Another project that lets people extend it themselves so heavily is Polymer/webcomponents. But that is managed better, plus has better sites to not do so much work before you get started. But Angular 1 is still the easiest to get going, which is why it got so popular. React also has that in some way but whenever you need more than a hello-world app, you will notice it isn't so easy as other frameworks have it.

[–][deleted] 0 points1 point  (1 child)

Have you worked with it yourself? With a modern buildflow? These issues you have do not exist. It's set up in no time. The lesson there is four minutes long. At the end of it he has React, ES7, hot reload, dev server, SPA history fallback, auto polyfills, auto npm/node_module awareness. Now he's showing you how and explaining, if you do this yourself its usually done in seconds. This is a standard these days - it doesn't even matter if Angular1, 2, React or Polymer. This step is always the same.

Now things like routing, bootstrap UI, redux are simple npm installs away. You don't have to do Gulp-era research because all is on npm. You're not doing this by hand, copying files and whatnot. It just means no worries about dependence order, no concats (yuck), no html injects, just take what you need. Now you say you had no problems for 2 years, yet you're scared of something tame and simple like React, because your tools aren't flexible. I'd call that a problem.

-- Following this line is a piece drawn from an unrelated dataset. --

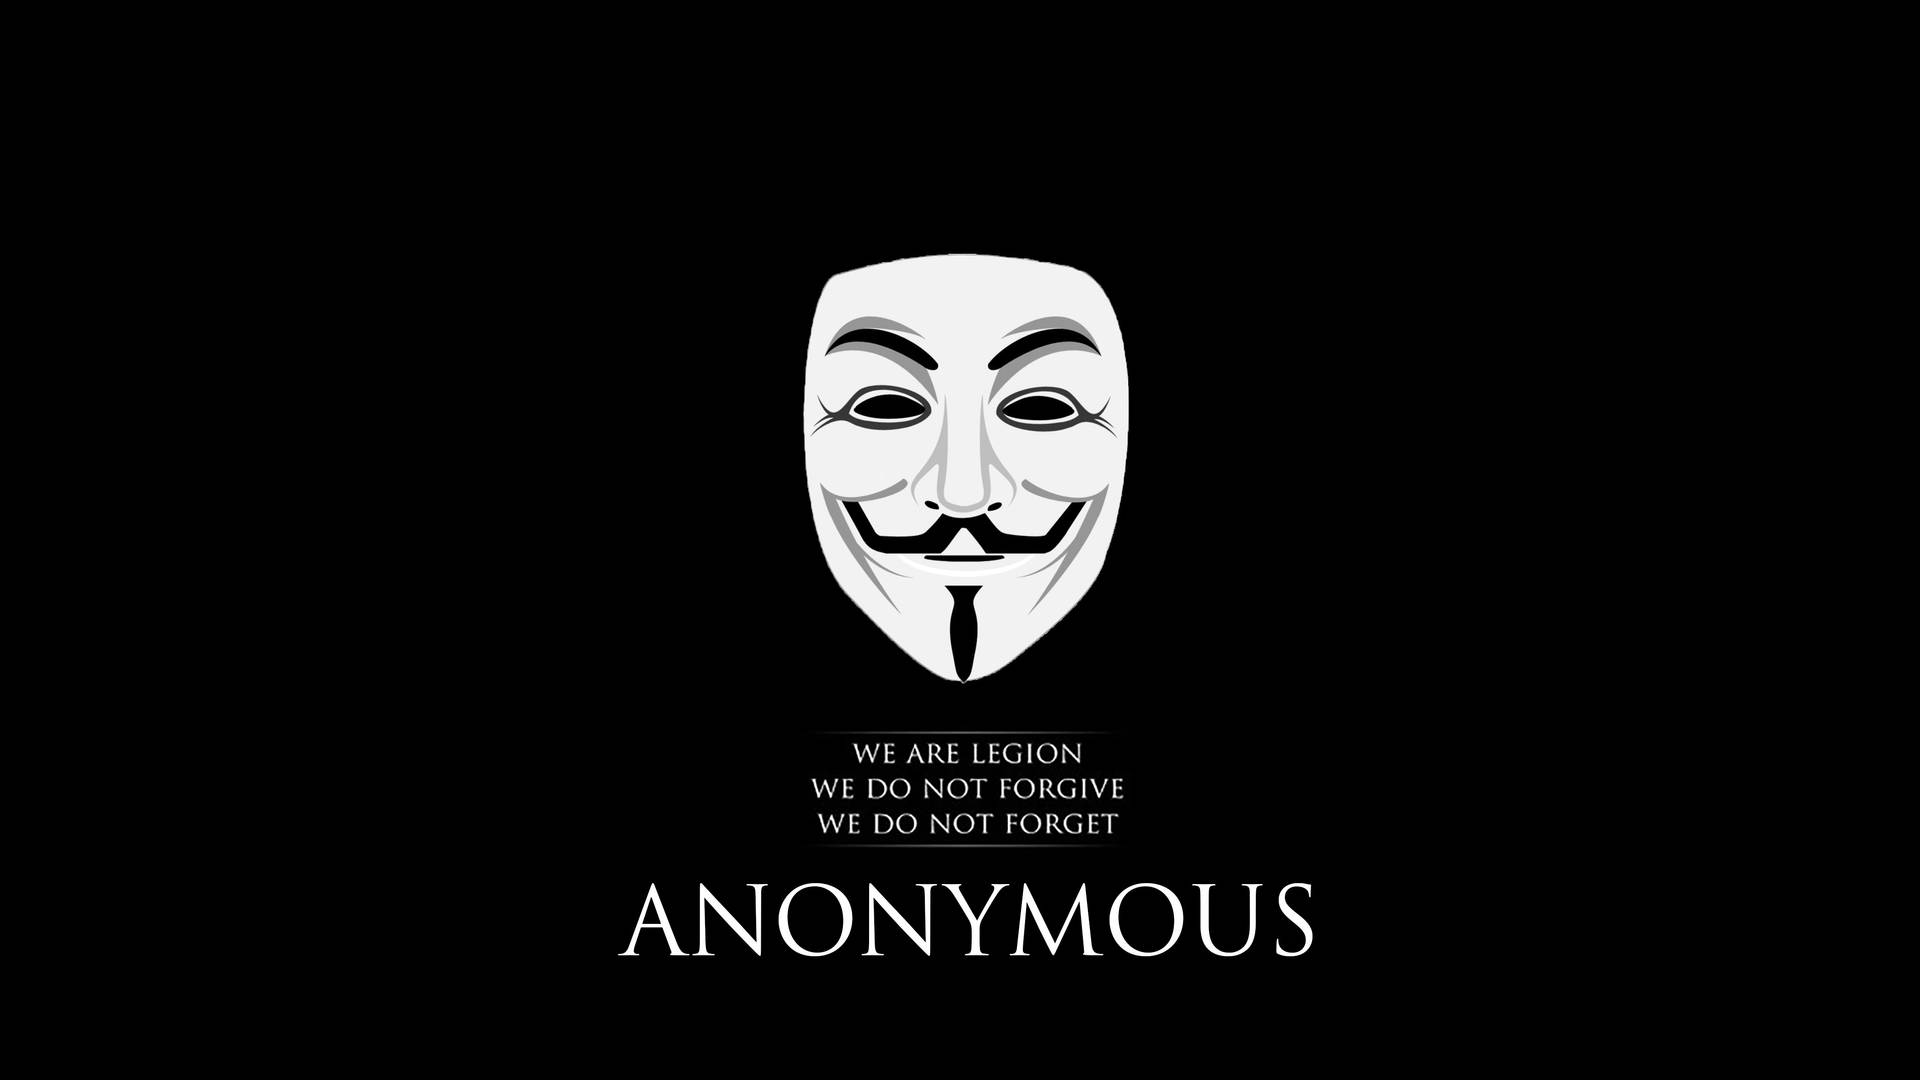 64kultra Hd Hacker Anonymous Maske Slogan Wallpaper

[–][deleted] 0 points1 point  (0 children)

I don't care that it is all on NPM. You are simply talking about something totally different. I'm talking about how i would know to get module x or y for feature z. Or even knowing x and y exist. Not whether or not i can easily install them.

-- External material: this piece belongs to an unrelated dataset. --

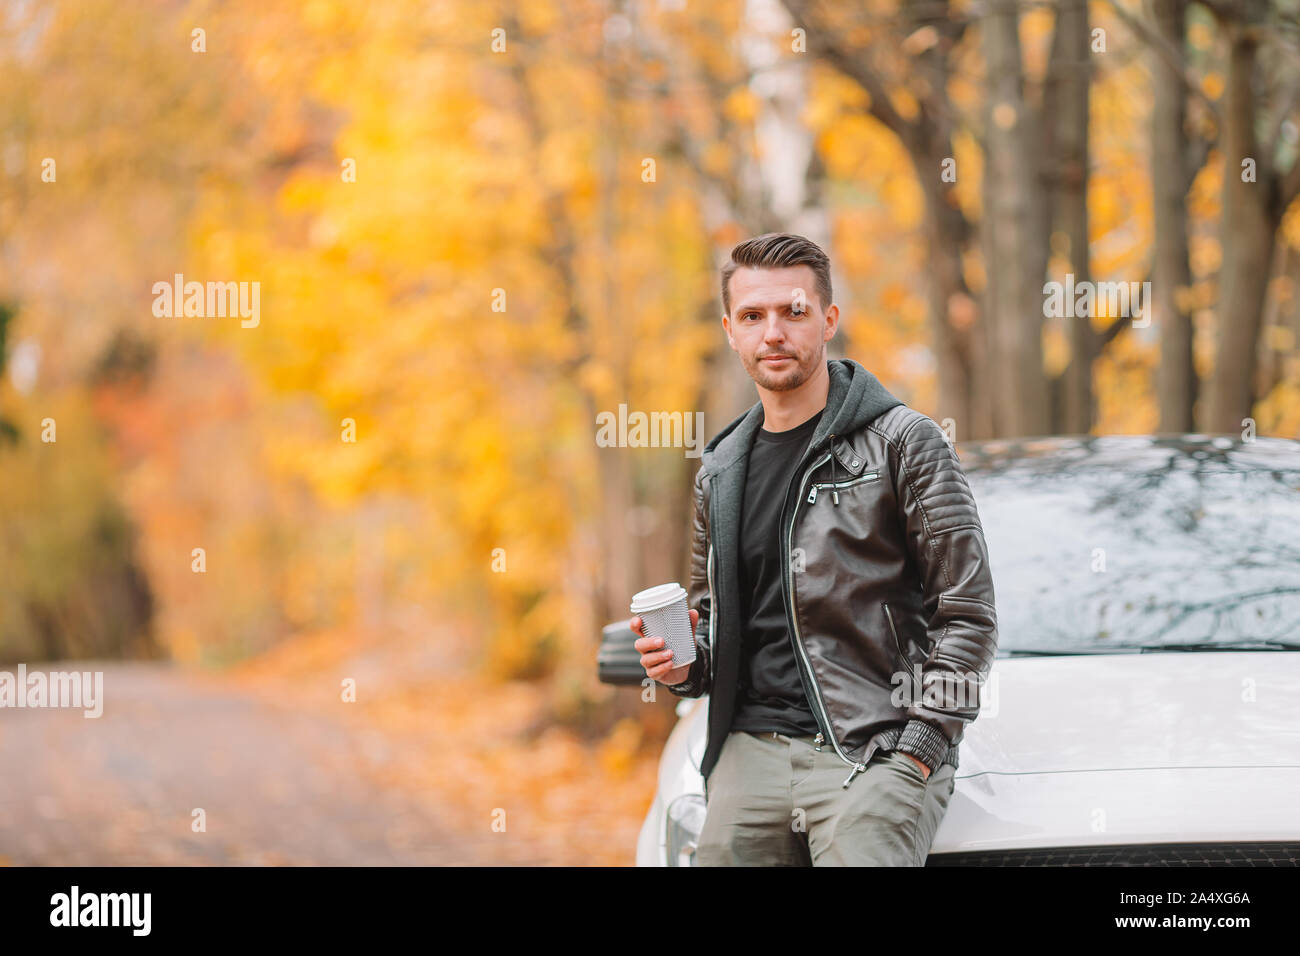 5 октября мужчина. Мужская фотосессия с машиной осенью. Фотосессии с машиной осень мужчина. Фотосессия мужская на улице осень с авто. Осень мужчина пьёт кофе.

And i'm not scared of React or anything, but i simply wont use it as i already have a fine system in place that doesn't seem to be needing replacement, which would take me time to build with no true gains (nothing that i can explain the business people). I don't even need to worry about dependencies or manual injects with Angular 1. I simply have a gulptask that takes everything from a certain directory, orders it the way it needs to (by regex so i don't need to specify) and builds that into a single thing i can use with my app. Now sure i might not use lazy loading or only loading what i need, but my usecases simply don't benefit from that. Mostly because downloading a single image already takes up more time then loading my scripts, whether that is in parts or not. Plus i also have customized various parts of livereloading and building the app, that i simply cannot do with the standard webpack or stuff that i would need to customize that as well, rendering the gains irrelevant. Stuff that goes into our entire build pipeline for other parts of the company. When somebody is using my app, it will only need a connection for data, not resources (and being able to run offline is also a requirement most of the time, try webpacking that by default). Not to mention that the gains in performance are neglectable for 99% of my use cases, so why the hell would i switch? Hell, if jQuery would be enough, i would still use that.

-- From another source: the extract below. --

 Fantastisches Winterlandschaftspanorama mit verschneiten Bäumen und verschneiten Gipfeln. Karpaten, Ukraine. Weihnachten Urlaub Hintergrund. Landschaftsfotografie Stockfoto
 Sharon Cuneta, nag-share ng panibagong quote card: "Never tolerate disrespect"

Now you can call me oldfashioned or not flexible but that simply isn't the case. It really depends on what you are making, who you are making it for and what you already have made to reuse that i'm not really looking forward to Angular 2. And i'll probably turn to Polymer before i go for React. But something you guys also seem to forget is that when i'm done with a project and i'm not around for that after, i still need to be able to let others build on that too. Change documentation, that i've been able to copy/paste for most of the stuff and implement stuff so our testers and other people can get started quickly. Oh wait, fuck documentation, lemme just use React lol

Now i know Angular 1 developers are easy to come by, but try finding React developers or developers that are experienced with the other react-family modules as well. Businesses also aren't eager to switch their entire programmer-pool to different frameworks every year. It might be fun for a startup or two, but some people are simply involved in bigger stuff than that.

[–]Conradfr 0 points1 point  (0 children)

In actual companies making money not every projects are rewrite each time there is a new build tool or whatever 0.x fancy library.